Dataset excerpts:
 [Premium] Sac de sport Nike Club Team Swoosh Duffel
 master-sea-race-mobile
---
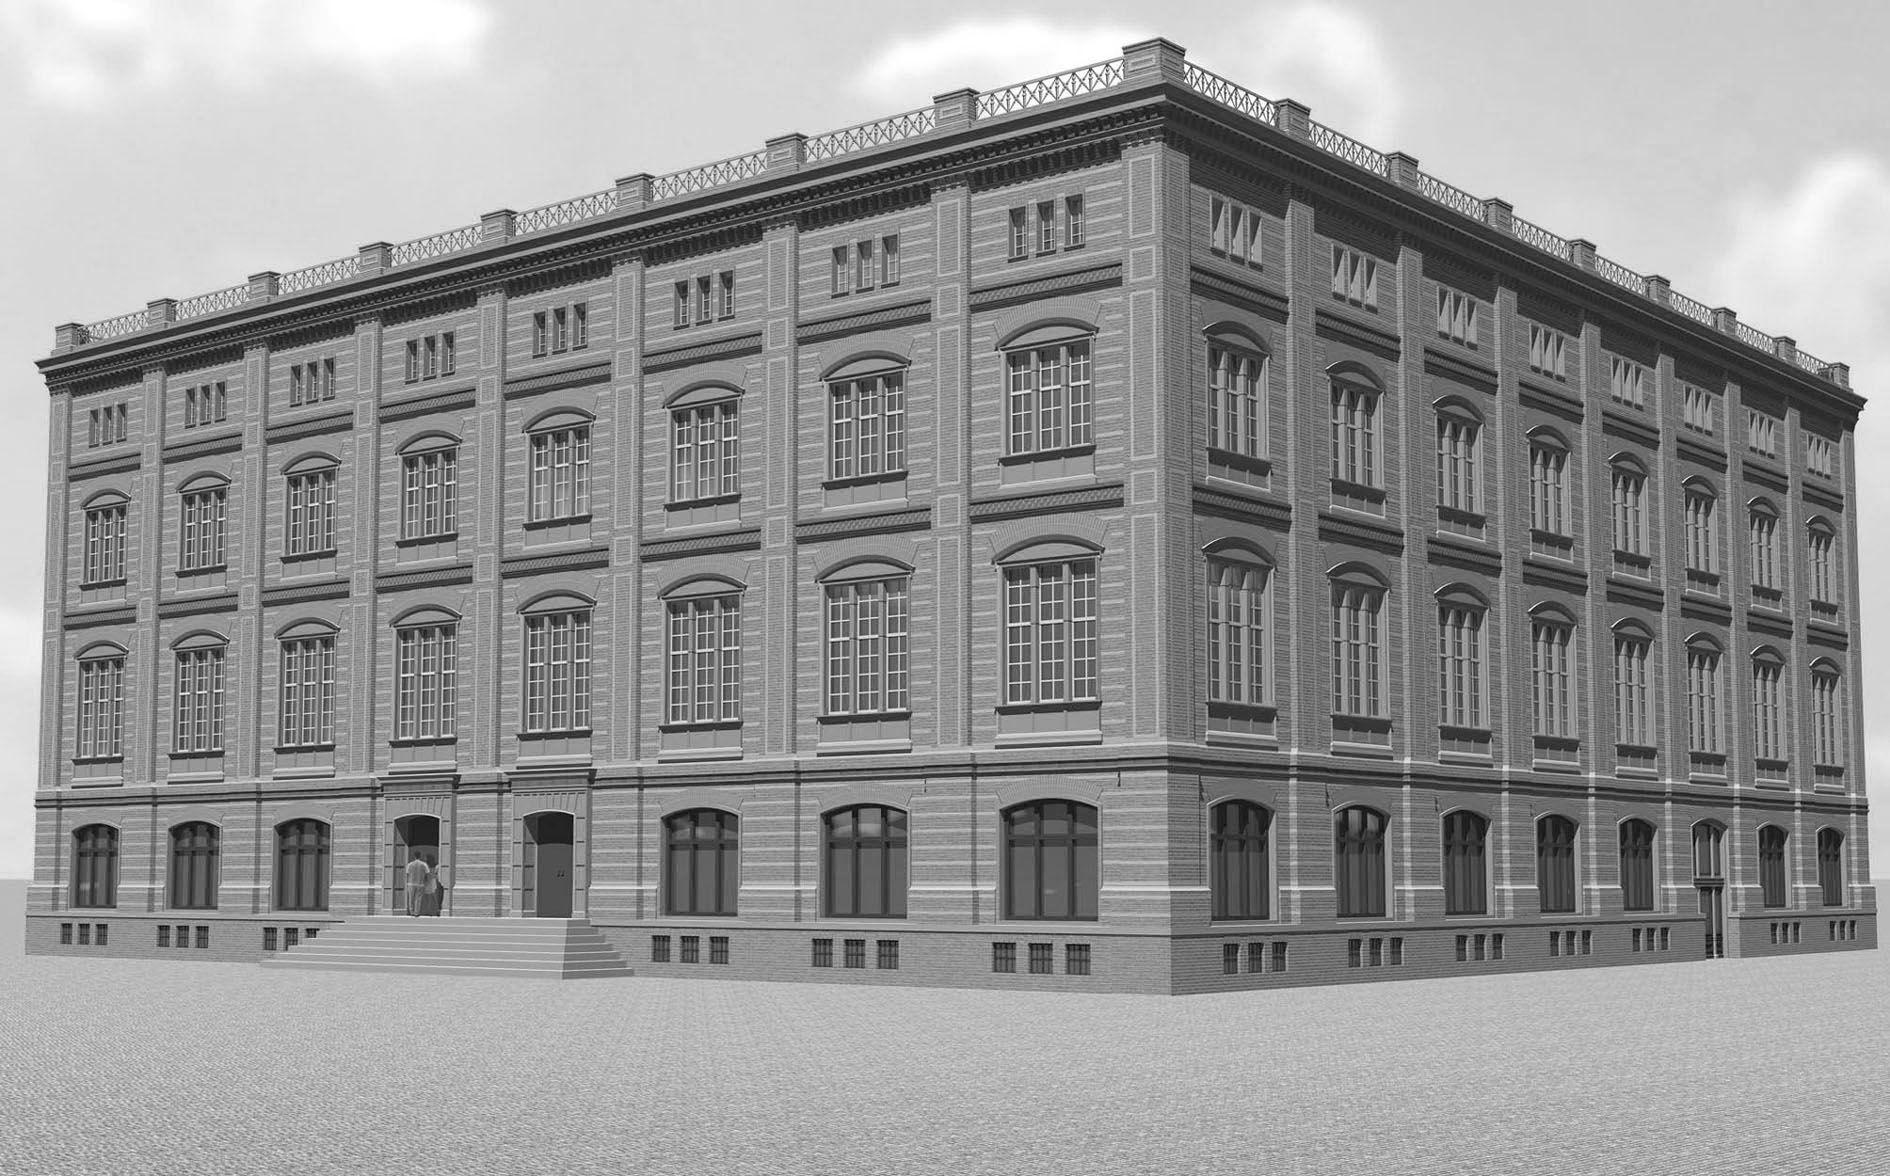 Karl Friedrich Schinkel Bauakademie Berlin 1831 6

Your assignment:
Leave out every line above except those from the line with "[Premium] Sac de" up to and including the line with "master-sea-race-mobile", and copy those exactly.

Your solution:
 [Premium] Sac de sport Nike Club Team Swoosh Duffel
 master-sea-race-mobile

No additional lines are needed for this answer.